Nous commencions à perdre un peu espoir et à vouloir faire demi-tour: pas question de rater notre prochain bus, lorsque Andy décida de suivre une petite rivière. On a marché un peu (parfois il fallait traverser un cours d’eau en sautant sur les rochers!) jusqu’à arriver à une sorte de falaise. En regardant en bas on a vu quelques adolescents qui se baignaient, leurs vélos posés sur la rive de l’eau fumante. Comment étaient-ils arrivés à descendre en bas de la falaise? Pas le temps d’y réfléchir: un homme vient à notre rencontre et nous expliqua qu’on avaient trouvé le repère des jeunes islandais et qu’ils n’avaient pas envie de voir affluer les touristes, ce qu’on admet aisément!

Alors après nous avoir fait promettre de ne révéler l’endroit à personne, il nous a laissé faire demi-tour et revenir au niveau de l’arrêt de bus et du camping.
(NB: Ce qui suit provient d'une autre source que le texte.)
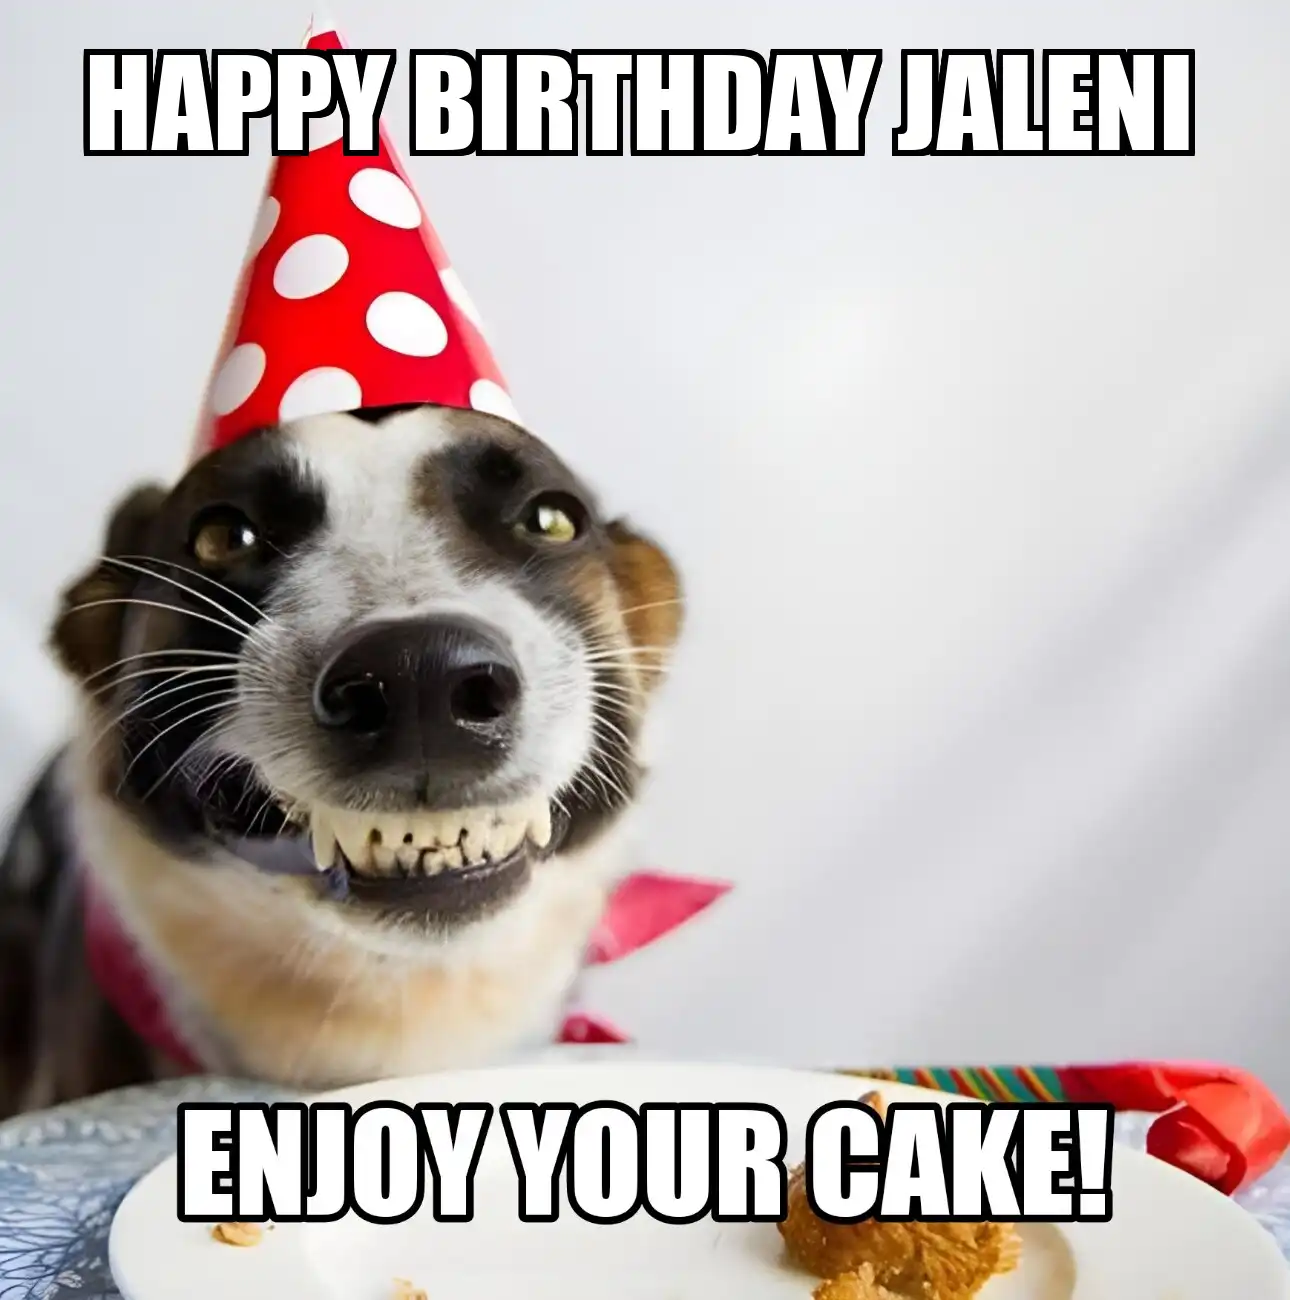 Happy Birthday Jaleni Enjoy Your Cake Dog Meme
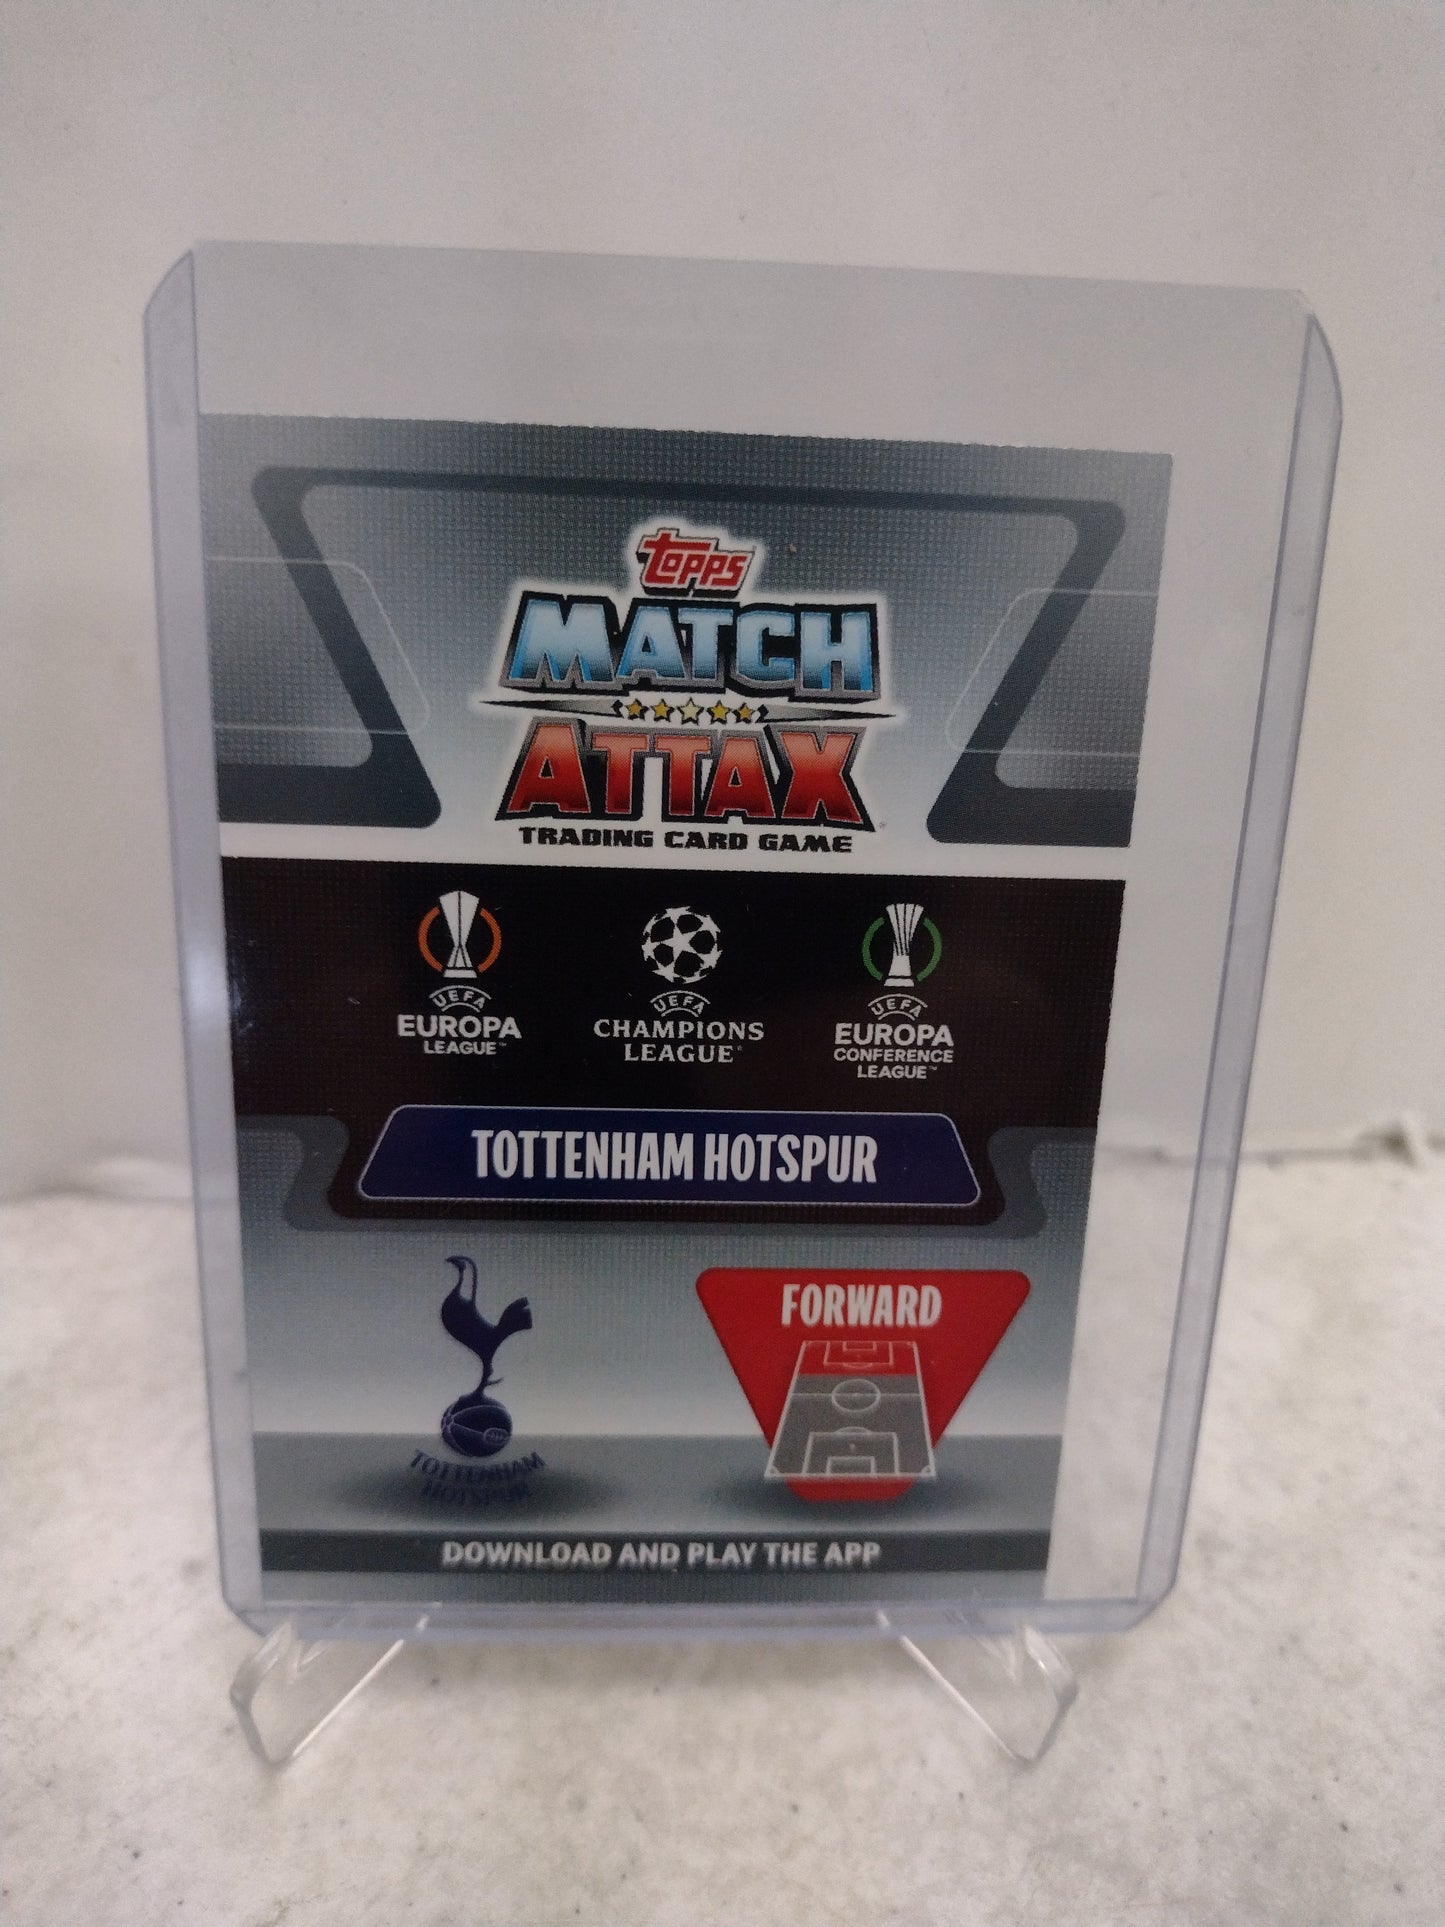 Harry Kane Tottenham Hotspur Goal Machine Europa League 21/22 Single Card with Protective Case

Là-bas il n’y avait toujours personne pour surveiller les douches et les toilettes, on a donc décidé d’en profiter pour les utiliser! Et je peux vous dire qu’avec le voyage, la fatigue et le climat, quand une occasion s’offre de prendre une douche chaude et gratuite, on succombe facilement à la tentation! Bon, on étaient pas trop fiers de nous alors on s’est quand même dépêchés. Et heureusement, car à peine deux minutes après que Andy en soit sorti, la gérante arriva et voyant qu’elle se doutait de quelque chose, on a rapidement déguerpis!

Ouf, juste à temps pour avoir notre bus: on a ainsi mis le cap vers Seljalandfoss !

Myriam

Notre parcours d’Ouest en Est

Bien qu’il n’y ait pas du tout de voies ferrées en Islande, l’île est très bien desservie par les différentes compagnies de bus du pays, ce fut donc notre moyen de transport principal!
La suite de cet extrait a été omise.